And they were, as we see, wrong.
Fisher says, perhaps referring to me:
[S]ome observers sympathetic to the Israeli strikes pointed out, with what may have been prescience, that Hamas rockets often miss and might have landed on Mishrawi’s house.
Forgetting the odd phrase "sympathetic to the Israeli strikes," what Fisher is glossing over is that
those observers knew something that the world's media didn't and should have.
It doesn't take a prophet to know that many of the rockets from Gaza have always landed inside Gaza. In fact, right before the outset of Cast Lead, when Hamas declared its own operation Oil Stain,
two Gaza girls were killed by a Qassam rocket. It was reported by
Reuters.
That was
hardly an isolated incident, although the world media ignored the many injuries and damaged houses that Gaza rockets inflicted on Gaza.
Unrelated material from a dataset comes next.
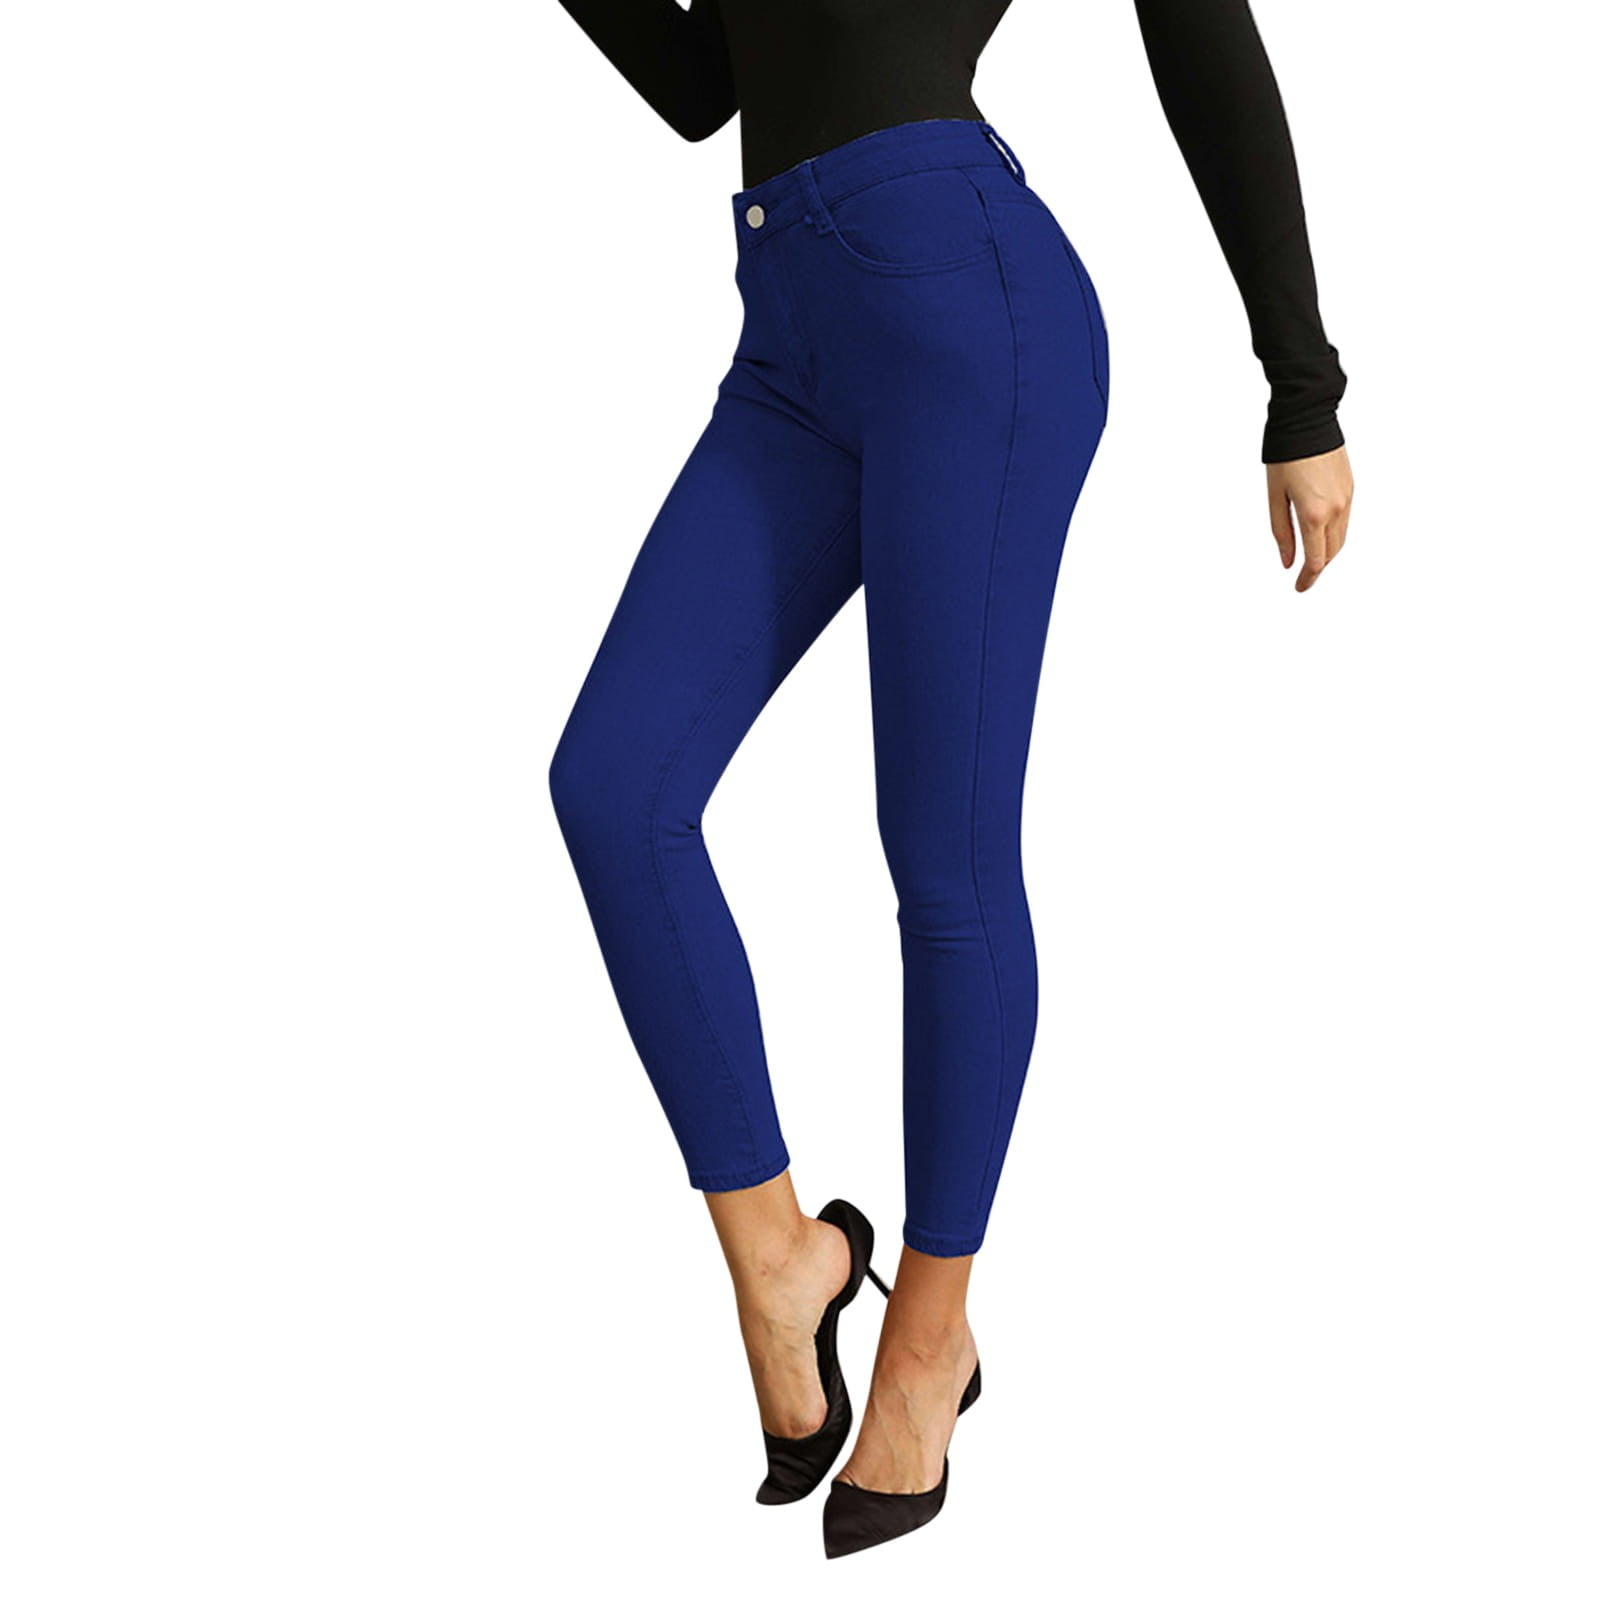 Denim Pants For Women Elastic Waist Slim High Waist Solid Color Medium Wash Skinny Jeans
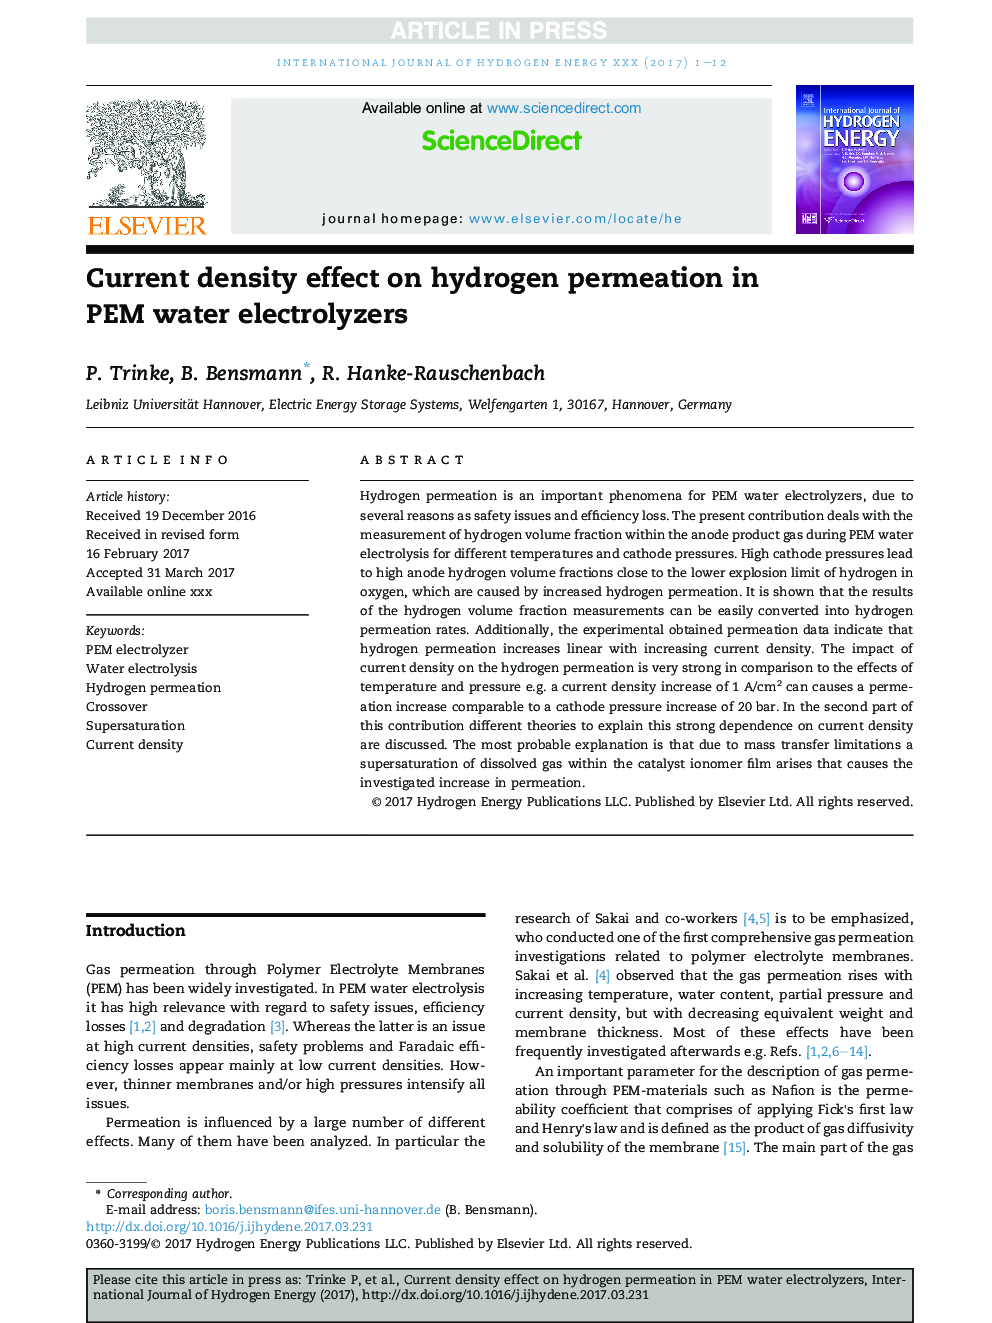 Current density effect on hydrogen permeation in PEM water electrolyzers

The problem, that Fisher is trying to deflect, is that the reporters from his newspaper and all the other media purposefully ignored this fact that bloggers like me knew very well. They assumed that any civilian killed in Gaza
must have been killed by Israel.
Any other thought did not even cross their minds.
That is why this story is so popular on social media. It has nothing to do with this case being being a microcosm of the conflict.
It is entirely about people being sick of being lied to by an arrogant media. It is about the fact that the supposed expert reporters on Gaza didn't consider a simple fact about Qassam rockets that they should have known intimately. It is because they were too lazy to think critically - which is their job.
After years of seeing that Palestinian Arab spokespeople routinely lie, that they try to manipulate the media, that they would never admit any mistake on their side - and after years of seeing that practically every time the Israeli side of the story ends up being proven correct - the media still reflexively blames Israel, time and time again, for things that aren't Israel's fault.
It doesn't take prescience to know this. It takes simple observation.
This is why this story strikes a chord, Max - because the media dropped the ball, in a way that it has dropped it countless times beforehand. Sadly, instead of learning that lesson, you are engaging in a magician's redirection trick to take the focus away from the truth.
And that is why people are upset over this story.